> _DATASET SECTION_:

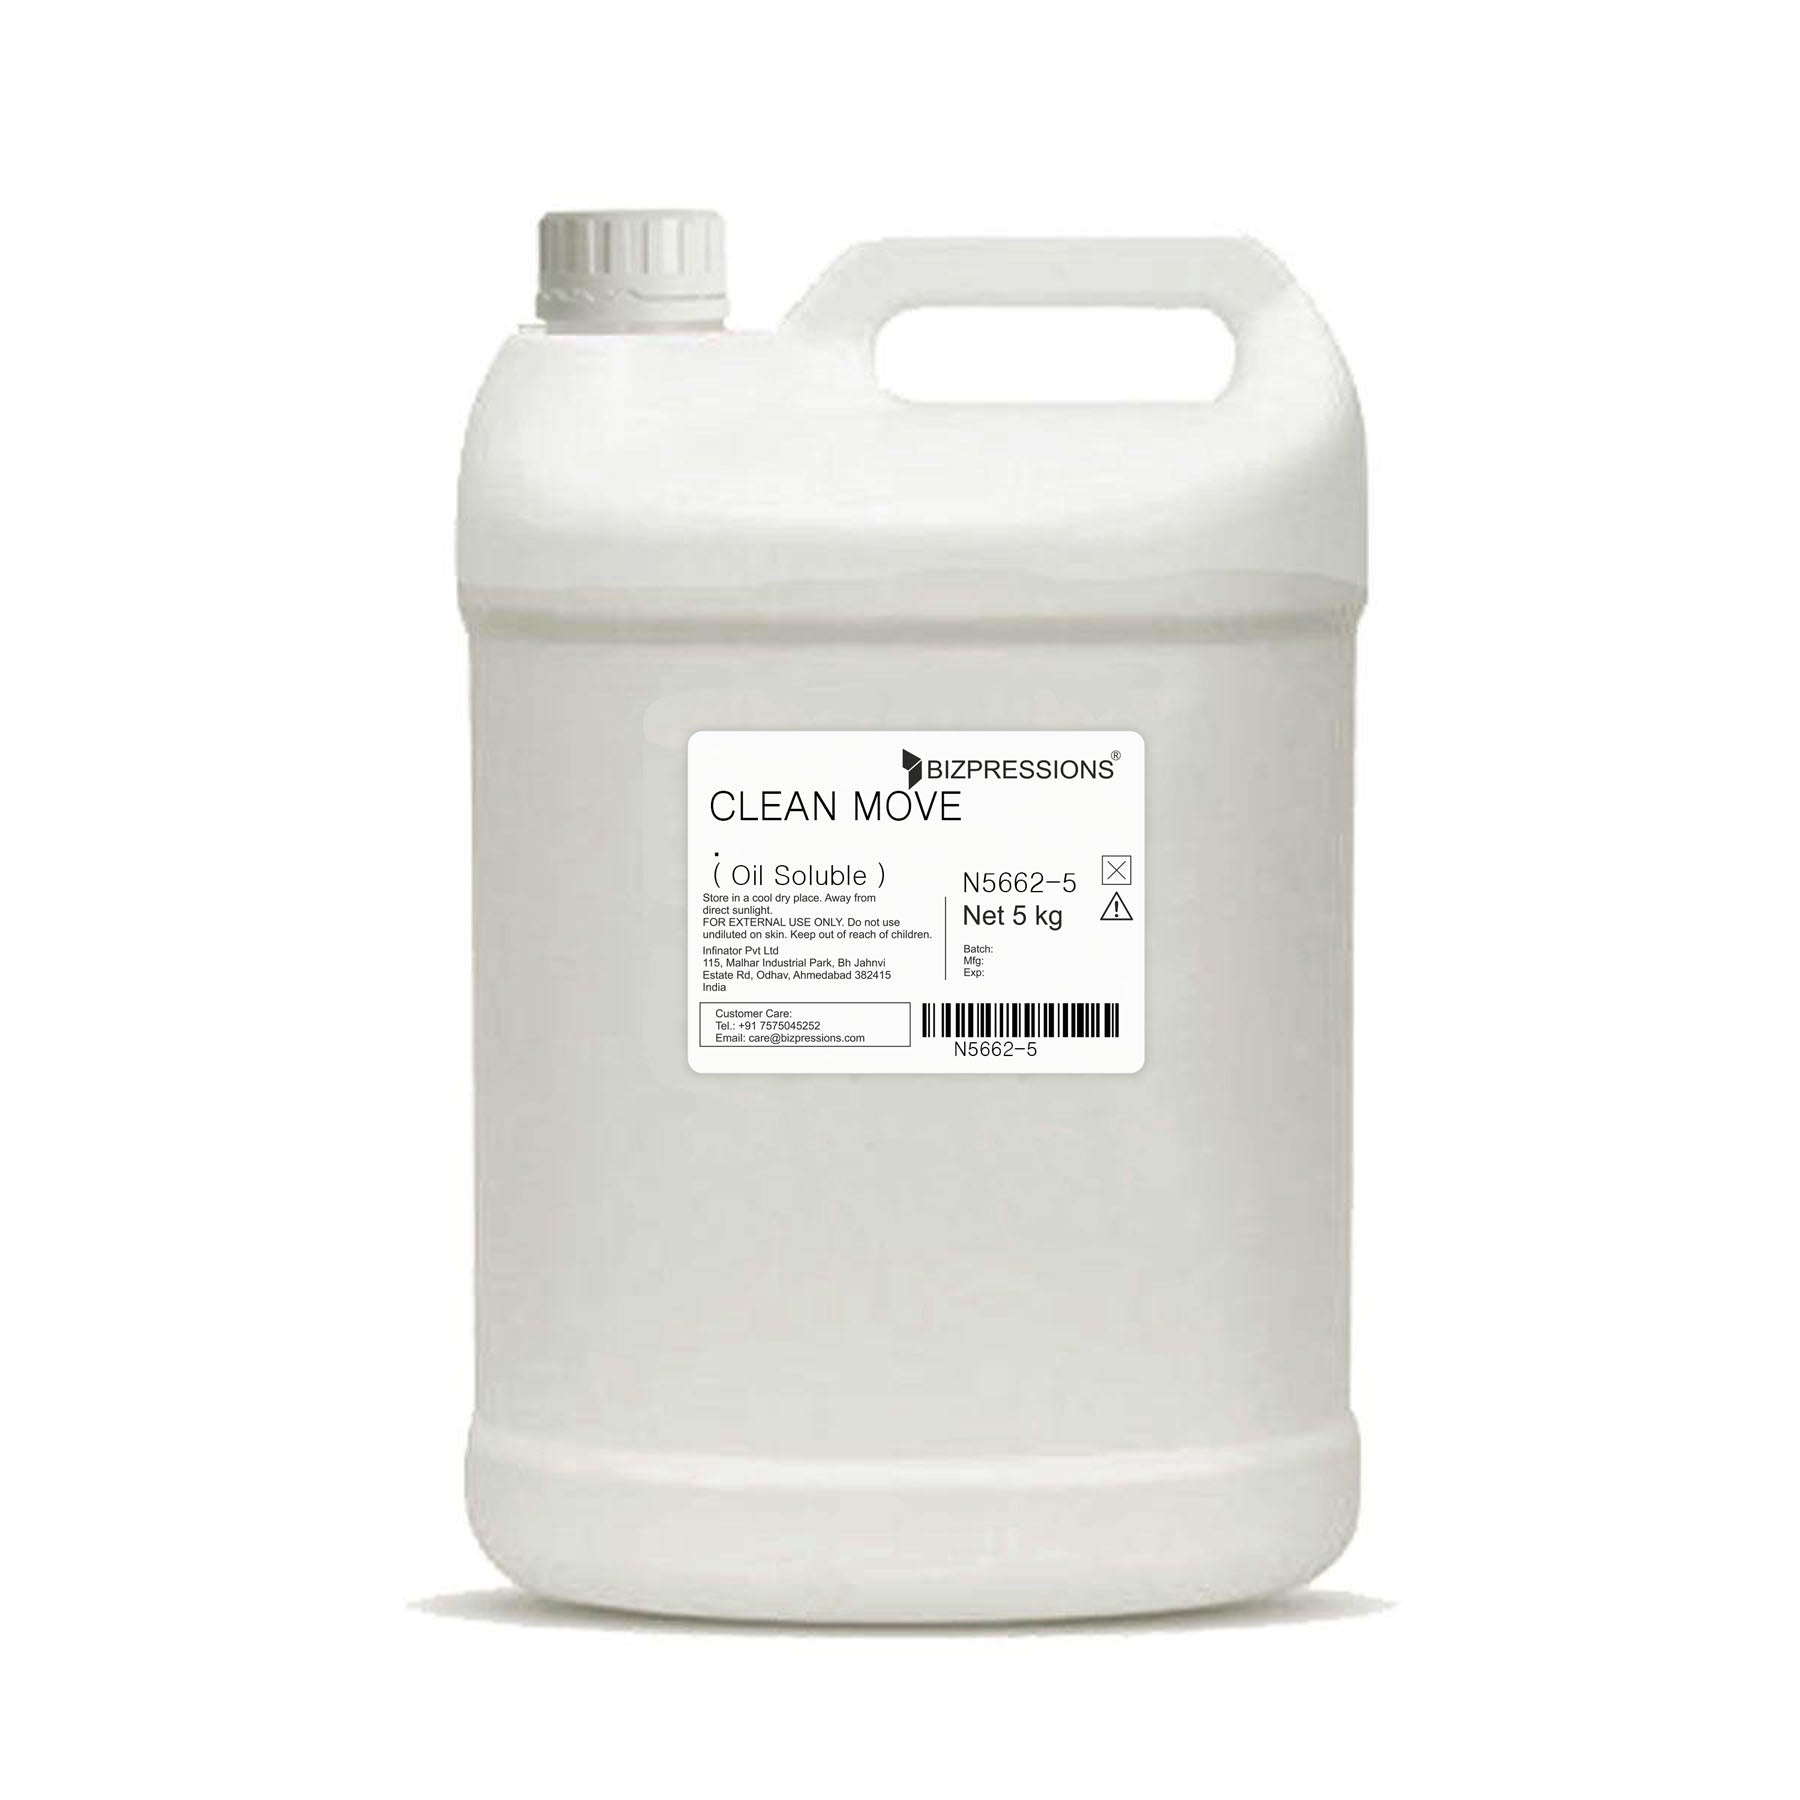 CLEAN MOVE - Fragrance ( Oil Soluble ) - 5 kg
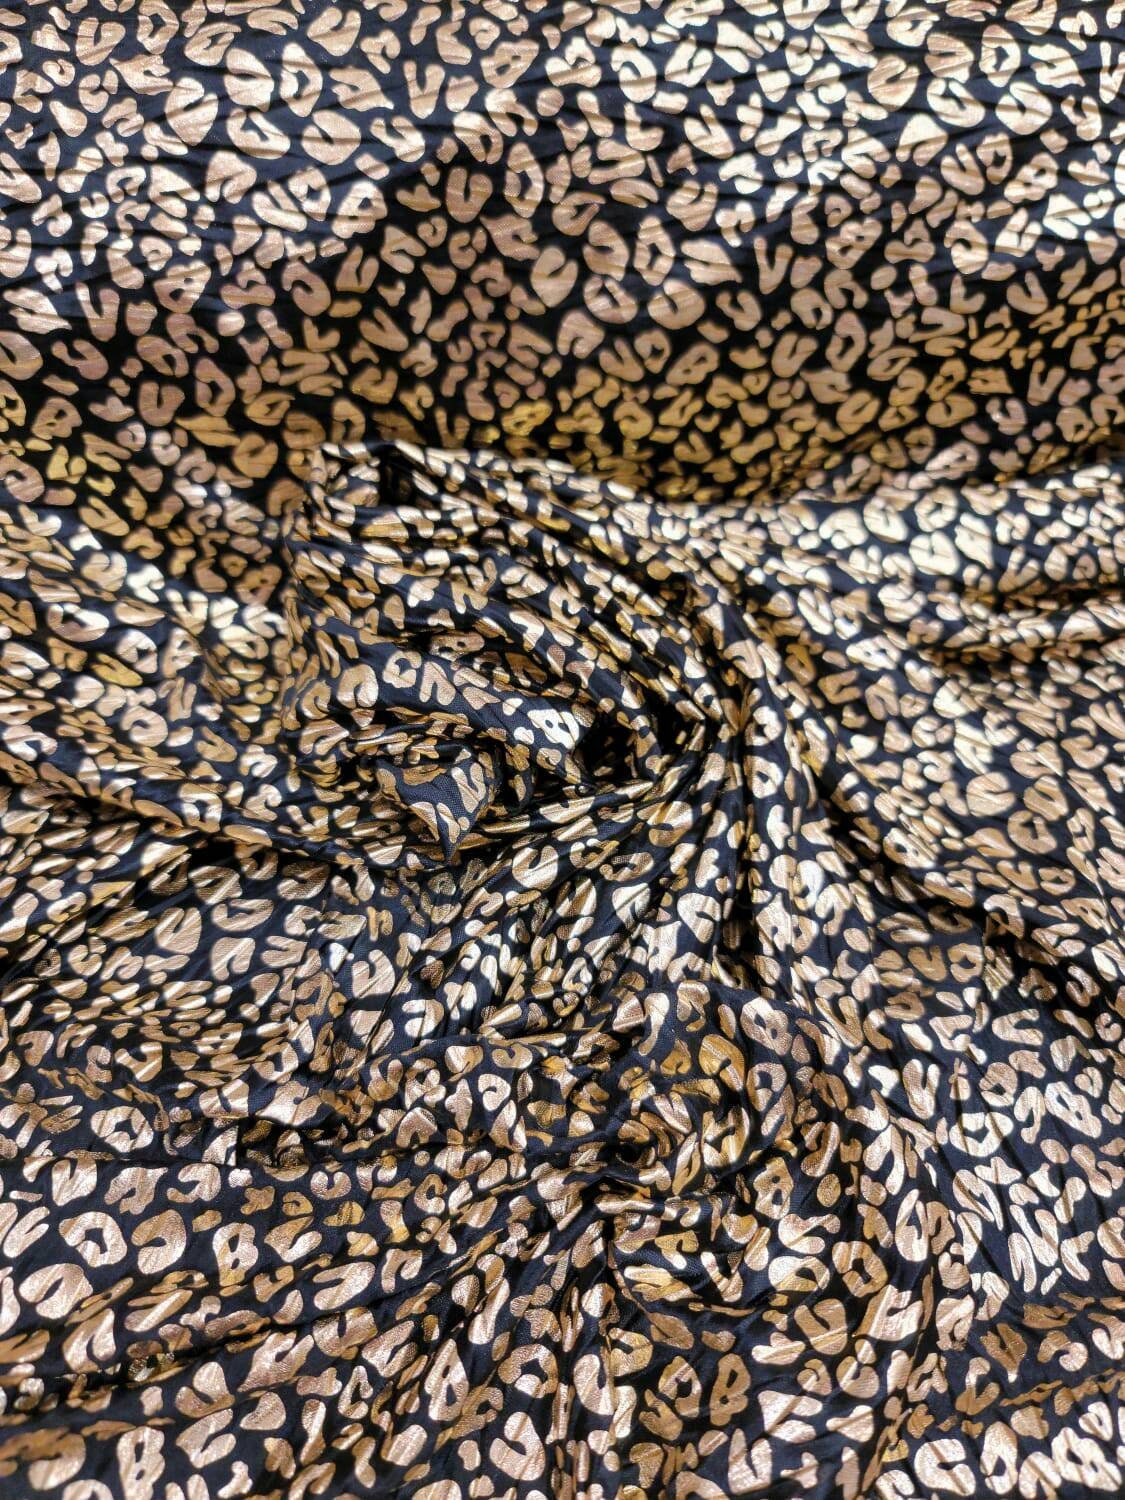 Gold Black Cheetah Stretch Fabric Sold By The Yard Gown Gorgeous Fabric Stretch Clothing Draping Decoration Gorgeous Snake Stretch Fabric
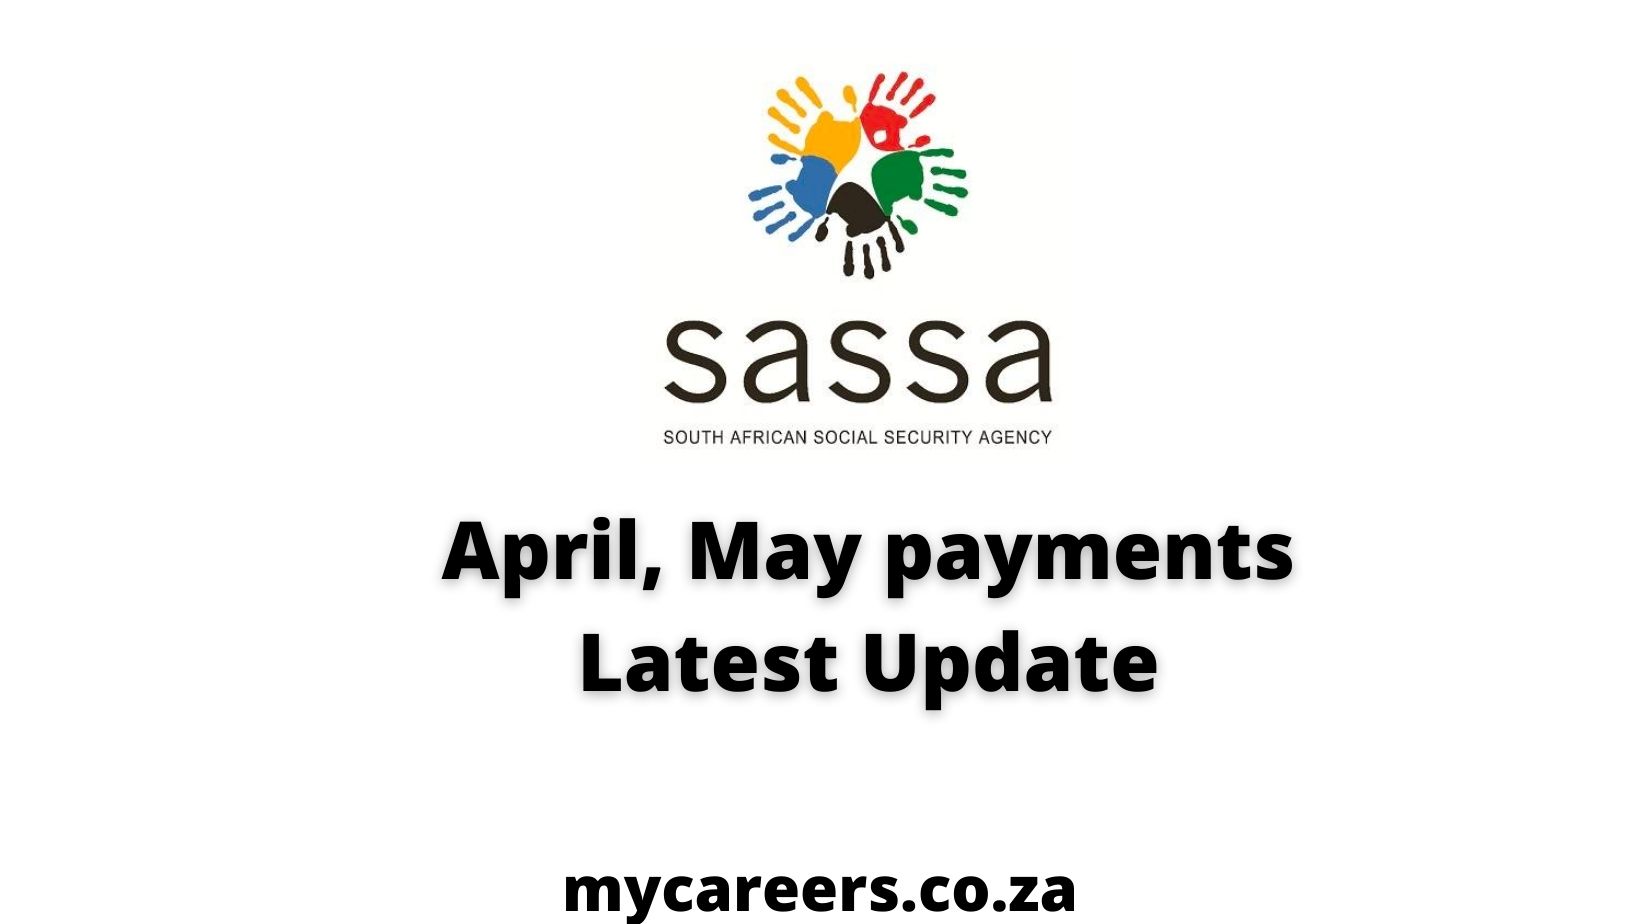 Applied for the R350 grant? Sassa wants you to update your info by end of the week for April, May payments
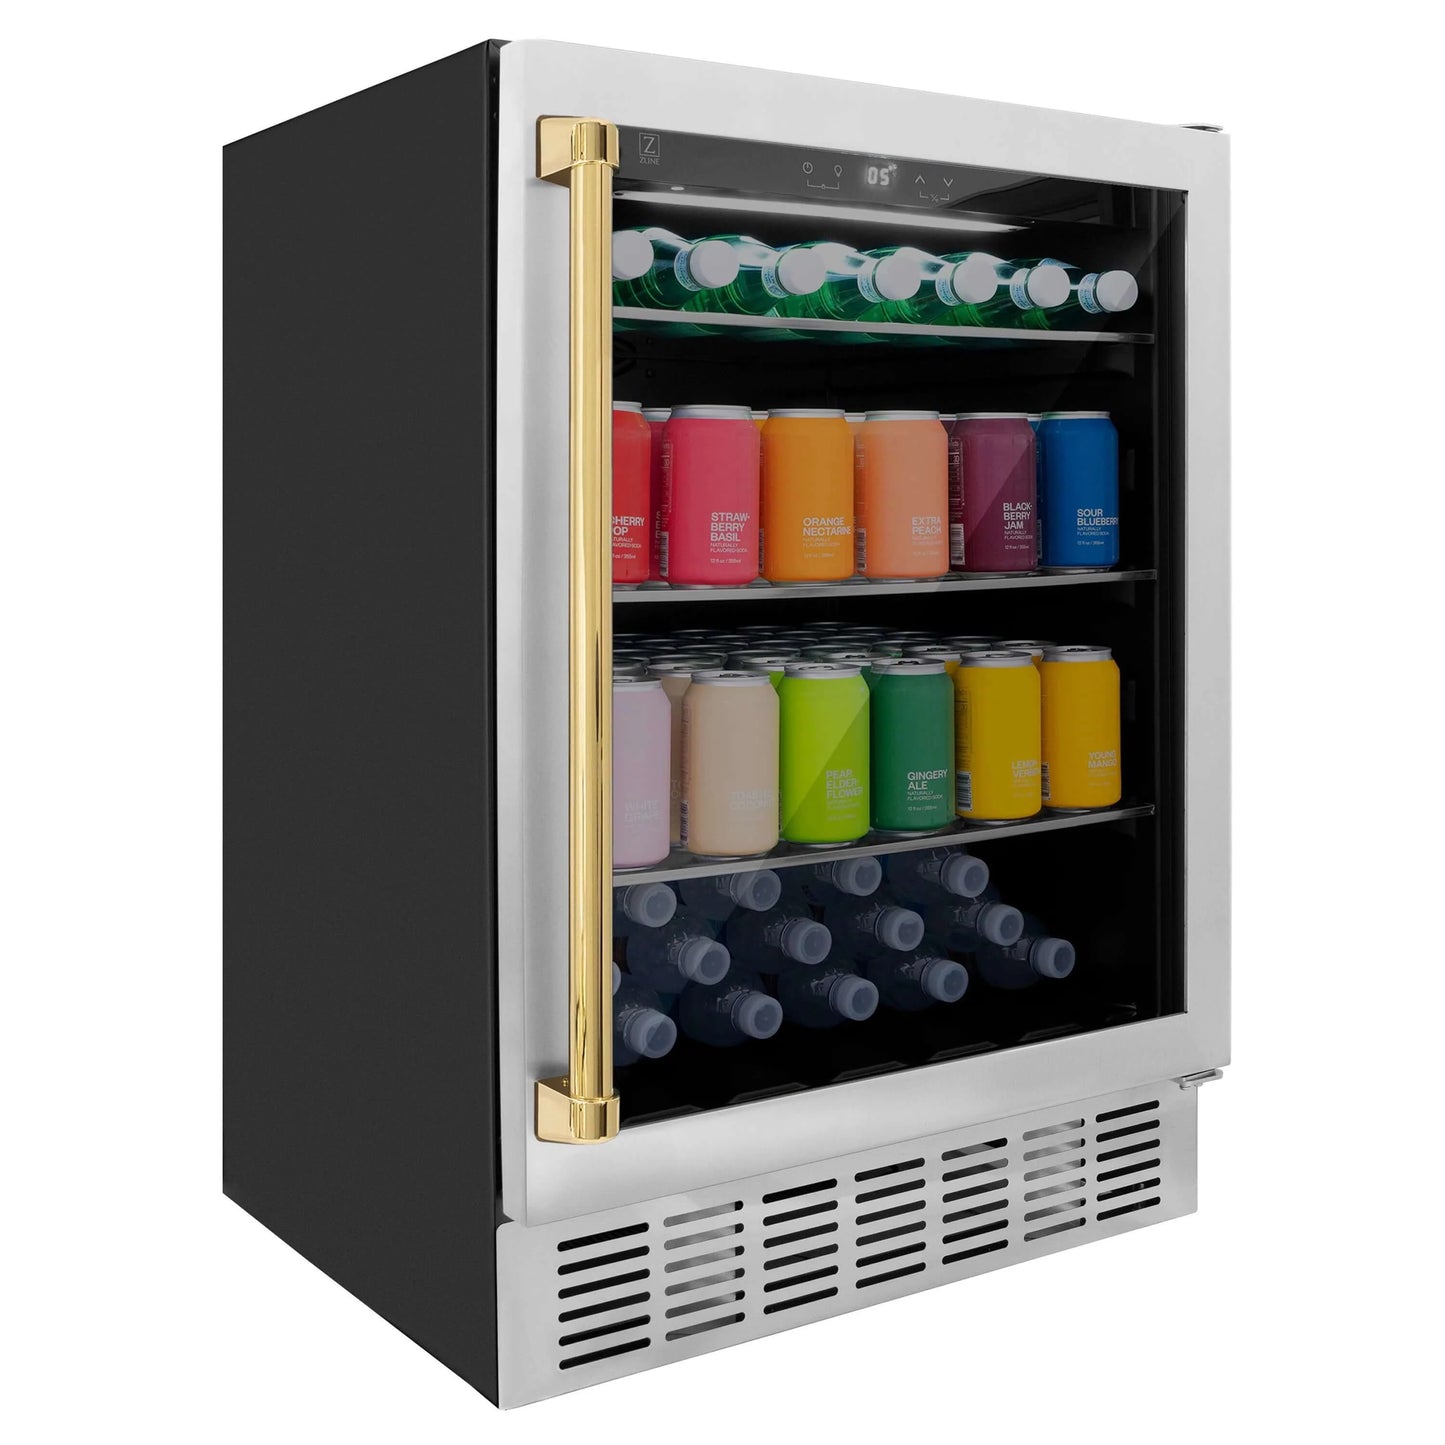 ZLINE 24" Monument Autograph Edition 154 Can Beverage Fridge in Stainless Steel with Polished Gold Accents (RBVZ-US-24-G)

> _EXERCISE DIRECTIONS_:
Please write every line above out exactly as given, except for any pictures.

> _WRITTEN ANSWER_:
 CLEAN MOVE - Fragrance ( Oil Soluble ) - 5 kg
 Gold Black Cheetah Stretch Fabric Sold By The Yard Gown Gorgeous Fabric Stretch Clothing Draping Decoration Gorgeous Snake Stretch Fabric
 Applied for the R350 grant? Sassa wants you to update your info by end of the week for April, May payments
 ZLINE 24" Monument Autograph Edition 154 Can Beverage Fridge in Stainless Steel with Polished Gold Accents (RBVZ-US-24-G)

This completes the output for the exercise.